- WORK REQUEST -
Every line below between the one holding "Fantastic fairy mitten" and the one holding "Kubota L1501DT 4WD", inclusive, should be copied exactly, and no other line.

- RECORDS PROVIDED -
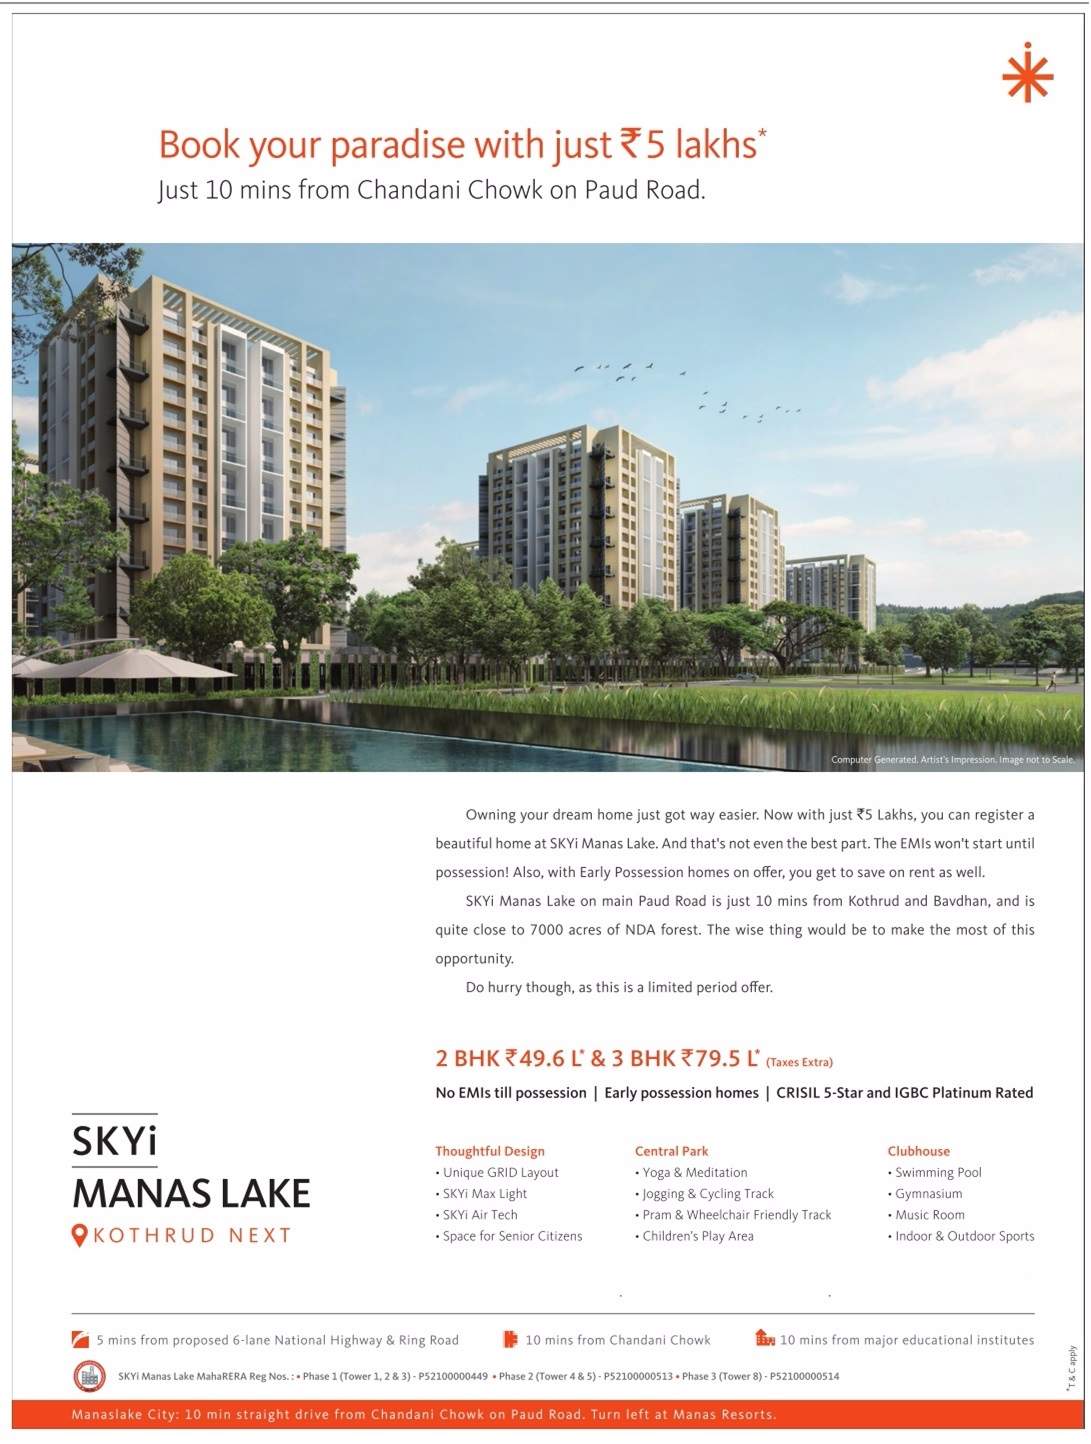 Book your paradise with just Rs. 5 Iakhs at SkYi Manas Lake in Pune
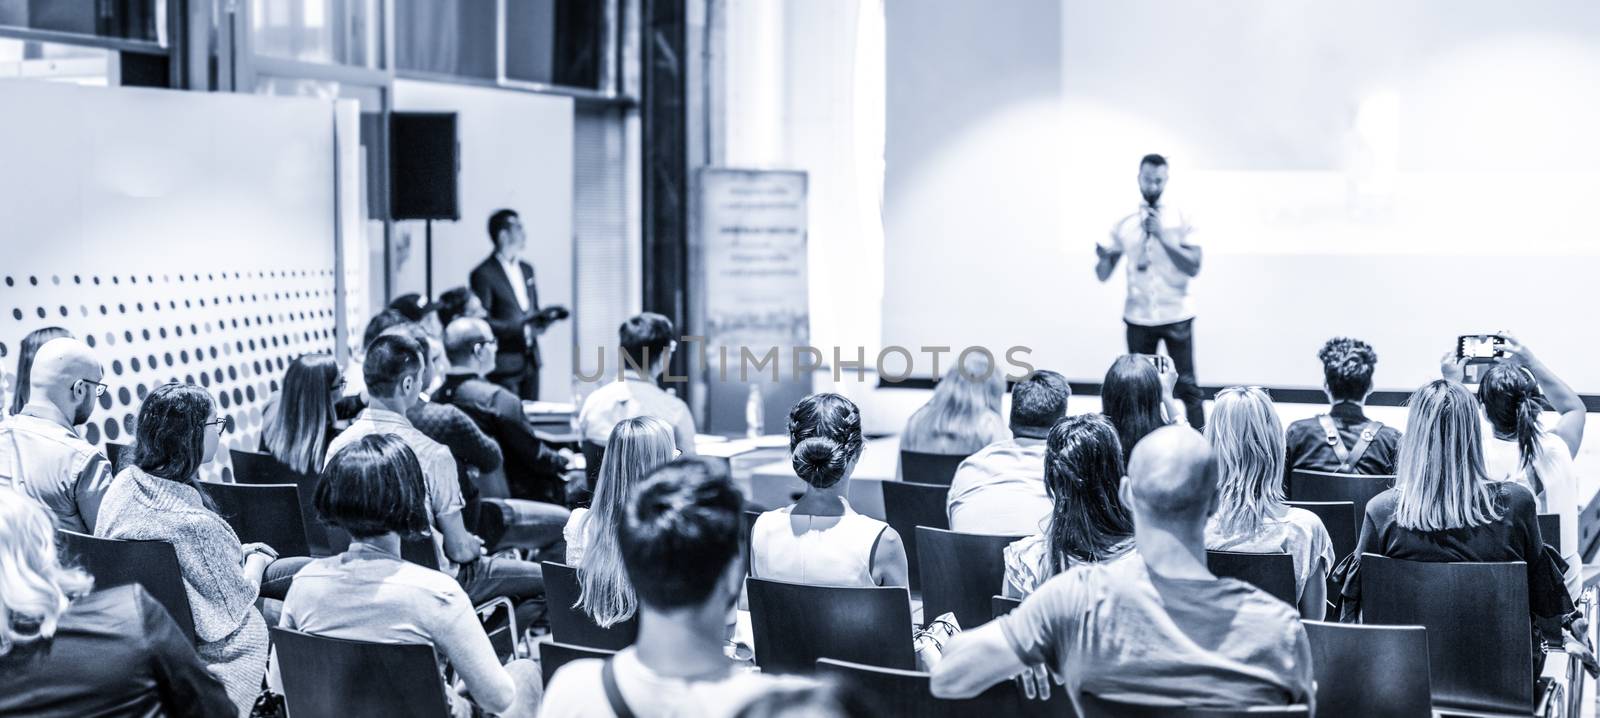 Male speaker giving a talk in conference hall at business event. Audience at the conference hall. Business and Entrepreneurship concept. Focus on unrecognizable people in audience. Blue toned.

==

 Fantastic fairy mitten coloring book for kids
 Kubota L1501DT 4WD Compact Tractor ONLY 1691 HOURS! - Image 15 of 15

- RESPONSE AREA -
 Fantastic fairy mitten coloring book for kids
 Kubota L1501DT 4WD Compact Tractor ONLY 1691 HOURS! - Image 15 of 15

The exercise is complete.